In simple terms, a swap meaning from its name is exchanging one item for another, like a barter trade. It is a type of derivative contract between two parties and involves exchanging pre-negotiated cash flows of two financial instruments. We refer to each stream of cash flow as a “leg.” The notional principal amount is what determines the cash flows. They are a relatively new type of derivative since they came into play in the late 1980s. They have extensive applications, thereby making them very popular in trading today. Unlike the other derivatives, futures, and options, one trades them over-the-counter.

There are different types of swap contracts. They include:

  1. Interest Rate Swaps

It involves exchanging cash flows at a fixed interest rate with those that have a floating interest rate. The parties do not swap the principal. The notional amount is the size of the swap and is what we use to calculate the cash flows. There are different kinds of interest swaps which include:

  • Plain vanilla swap – It is the most straightforward kind where one party exchanges a fixed rate for a floating rate and vice versa on the pre-agreed intervals in the life of the contract.
  • Basis swap – Where both legs have a floating charge, the parties could exchange the floating rates using benchmark rates as the basis.
  • Amortizing swap – As the swap meaning suggests, one could provide for a reduction in the notional amount to correspond to the amortization of a loan.
  • Step-up swap – Opposite of the amortizing swap, notional amount increases as per agreement.
  • Differential swap – In these swaps, one leg of provides for payment of an interest rate for another currency other than that of the initial principal amount. The other leg caters for paying interest at the rate and currency of the initial principal.
  1. Currency Swap

This type of swap involves the counterparties exchanging the principal amount and interest payments in different currencies. They hedge another investment position from fluctuations in the currency exchange rate.

  1. Basis Swaps

In basis swaps, both legs have different floating rates. It could either be an interest rate swap or a currency swap where both streams of cash flow have a floating rate.

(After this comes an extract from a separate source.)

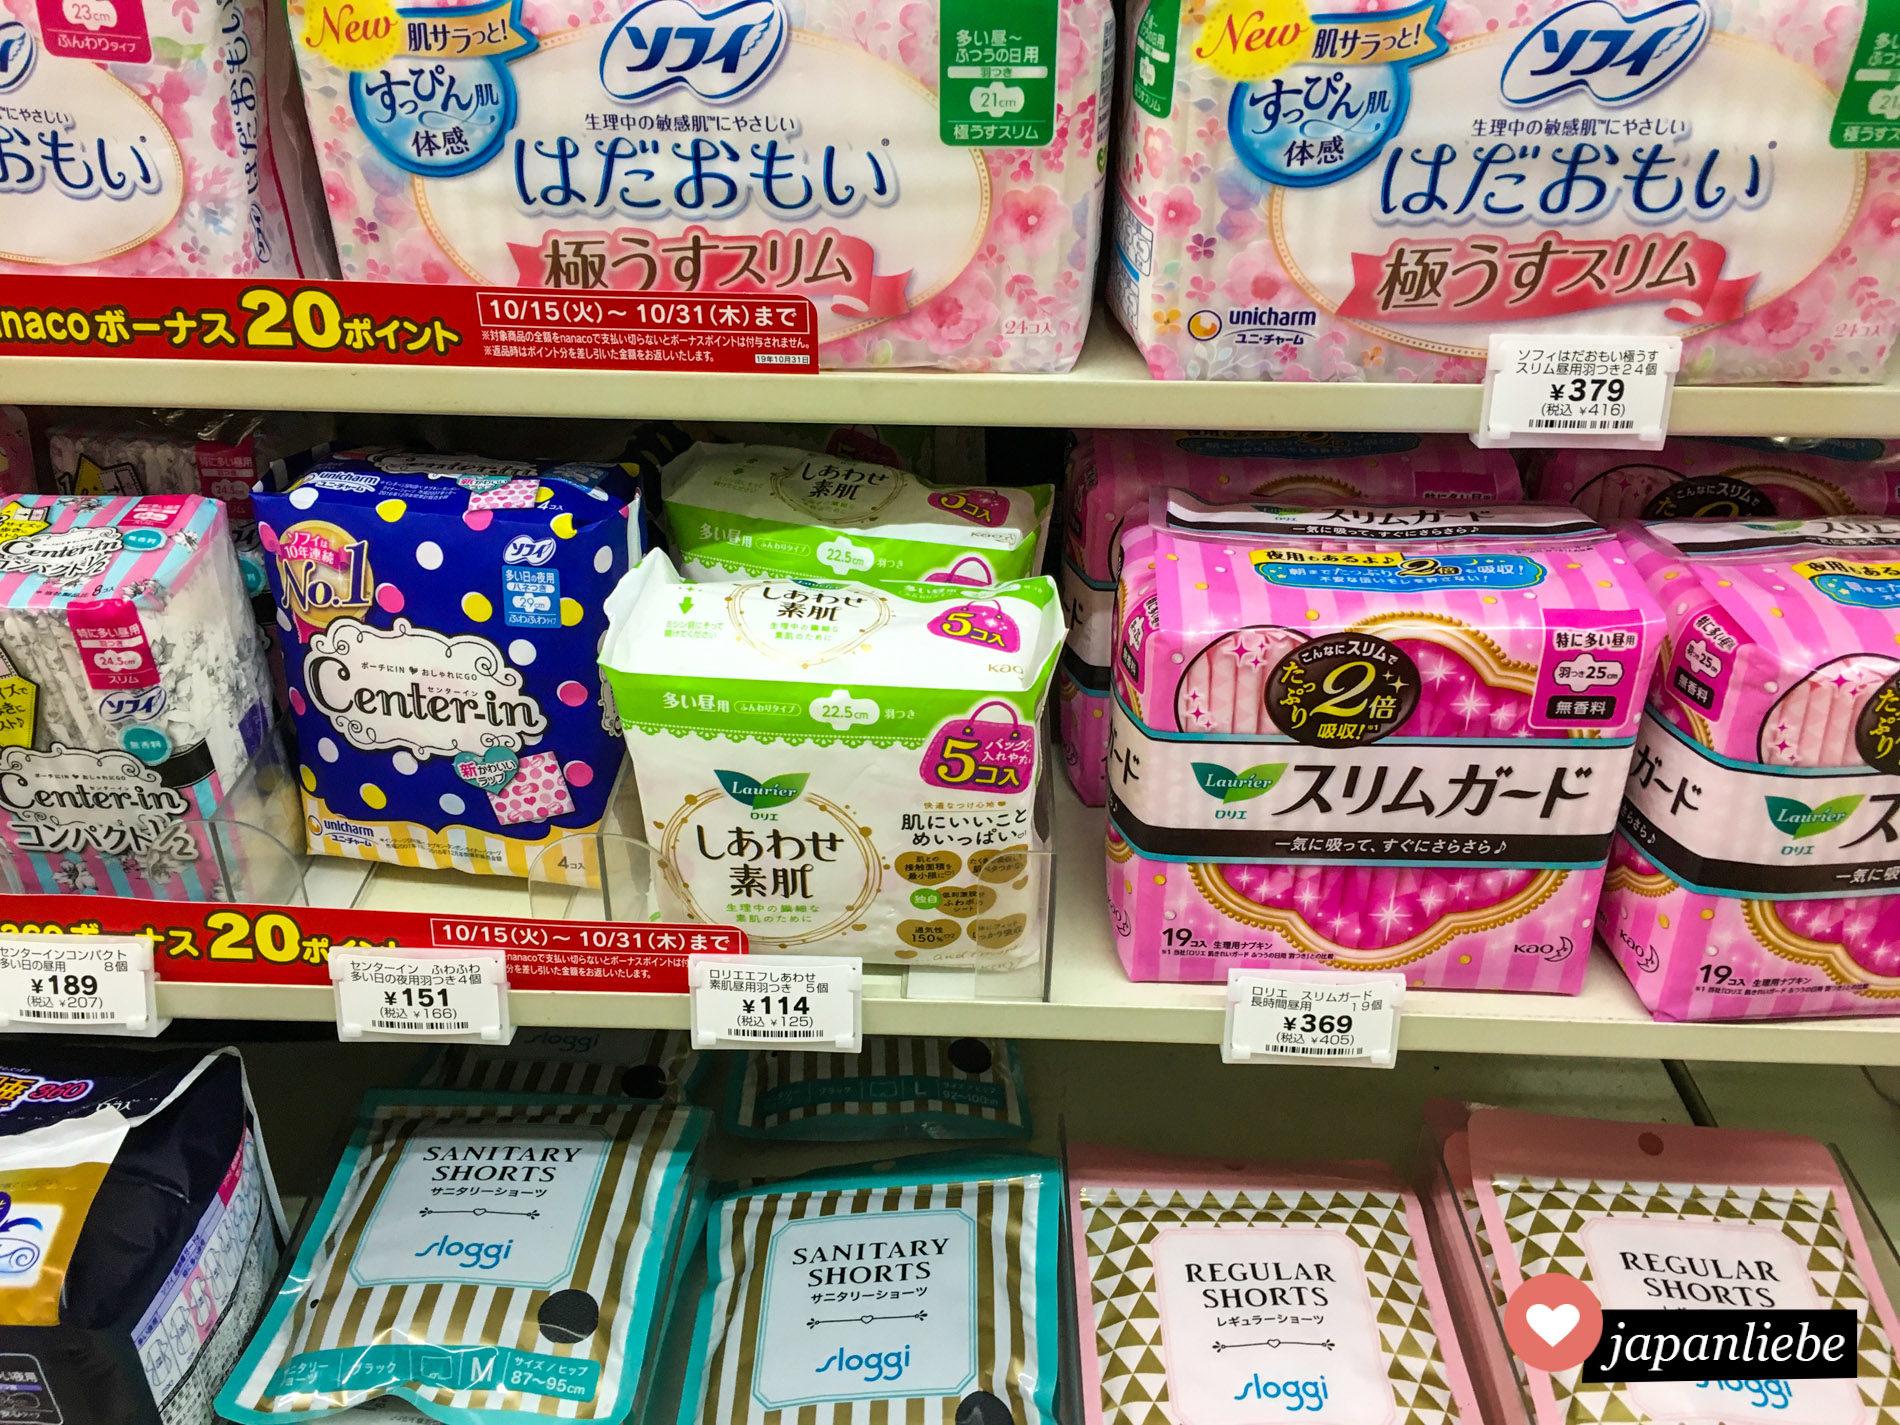 Binden und sogar Perioden-Höschen gibt es in japanischen Supermärkten in einer riesigen Auswahl, bei Tampons sieht es hingegen mager aus.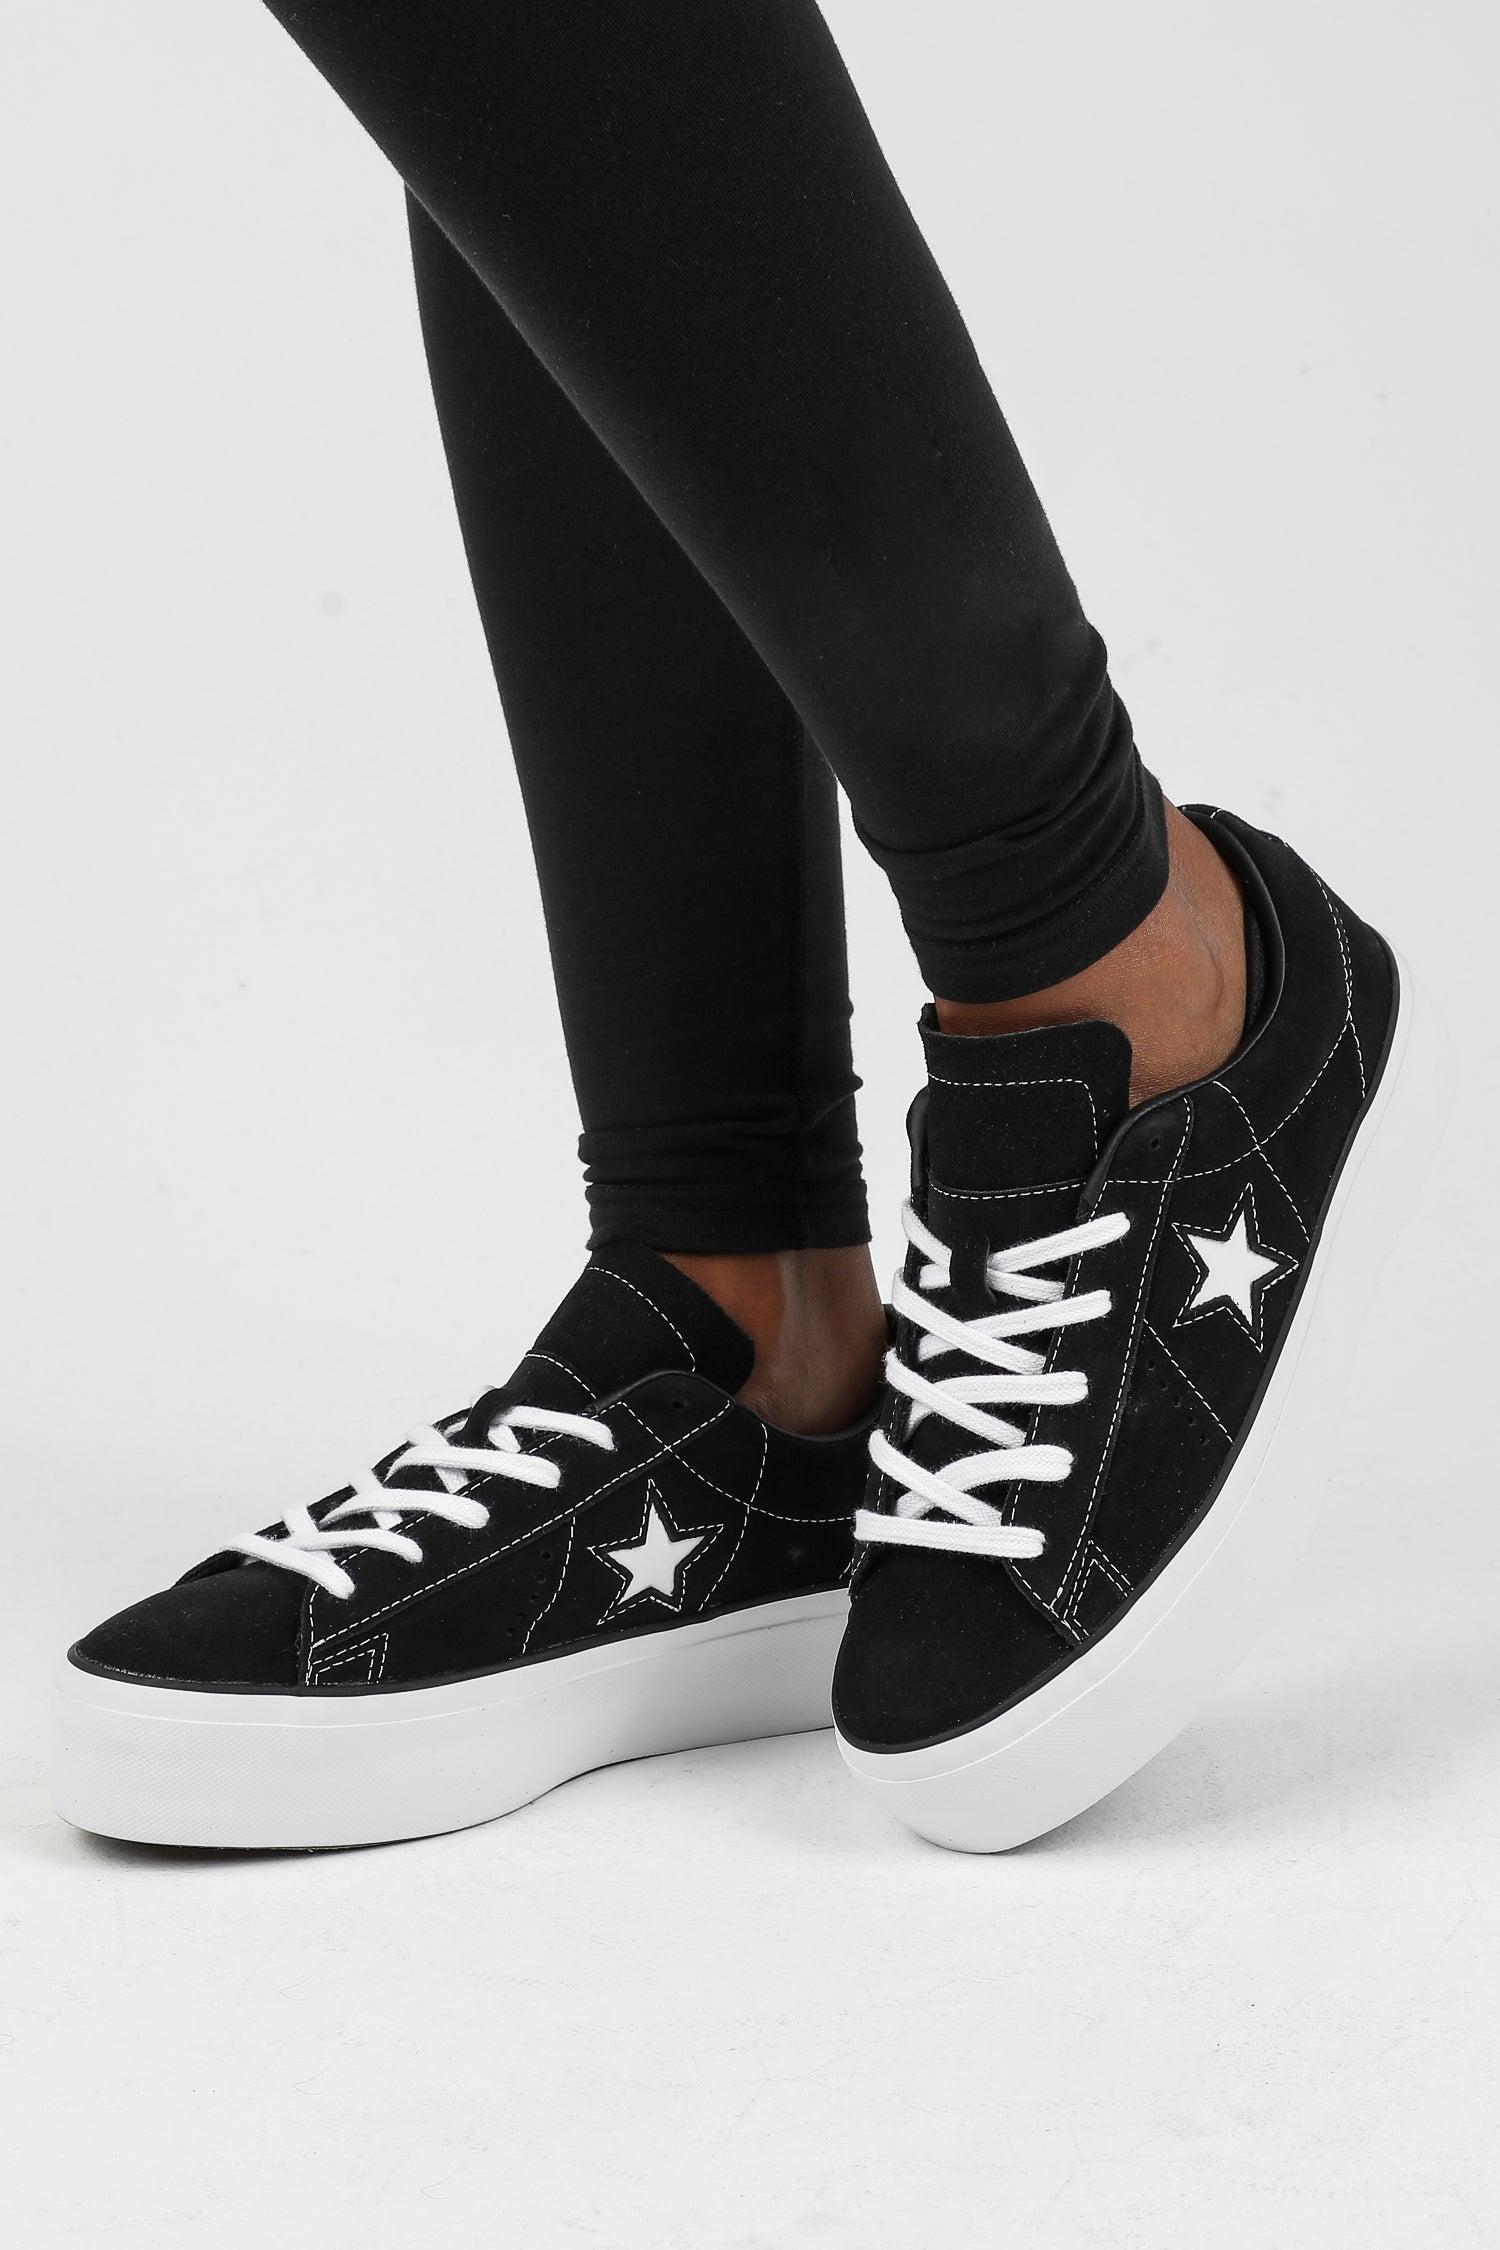 Converse One Star Platform Sneakers $124 Buy Online

Most swap contracts base payments on a fixed rate against a floating rate. In this case, we calculate both legs on floating rates.

  1. Commodity swap

For commodity swap contracts, the counterparties exchange floating cash flows based on a commodity’s spot price for fixed cash flows. They determine them based on a pre-agreed amount of a product.

  1. Credit default swap

Commonly known as CDS, it provides insurance from the default of a financial debt instrument. The purchaser transfers the premium payments to the seller. If by any chance the asset defaults, the seller is bound to reimburse the buyer face value of the asset in question.

Swaps are a crucial part of finance these days. The most common application of swap meaning is hedging against risk. For example, interest rate swaps to hedge against interest rate fluctuation and currency credit default swap against a default of a debt instrument.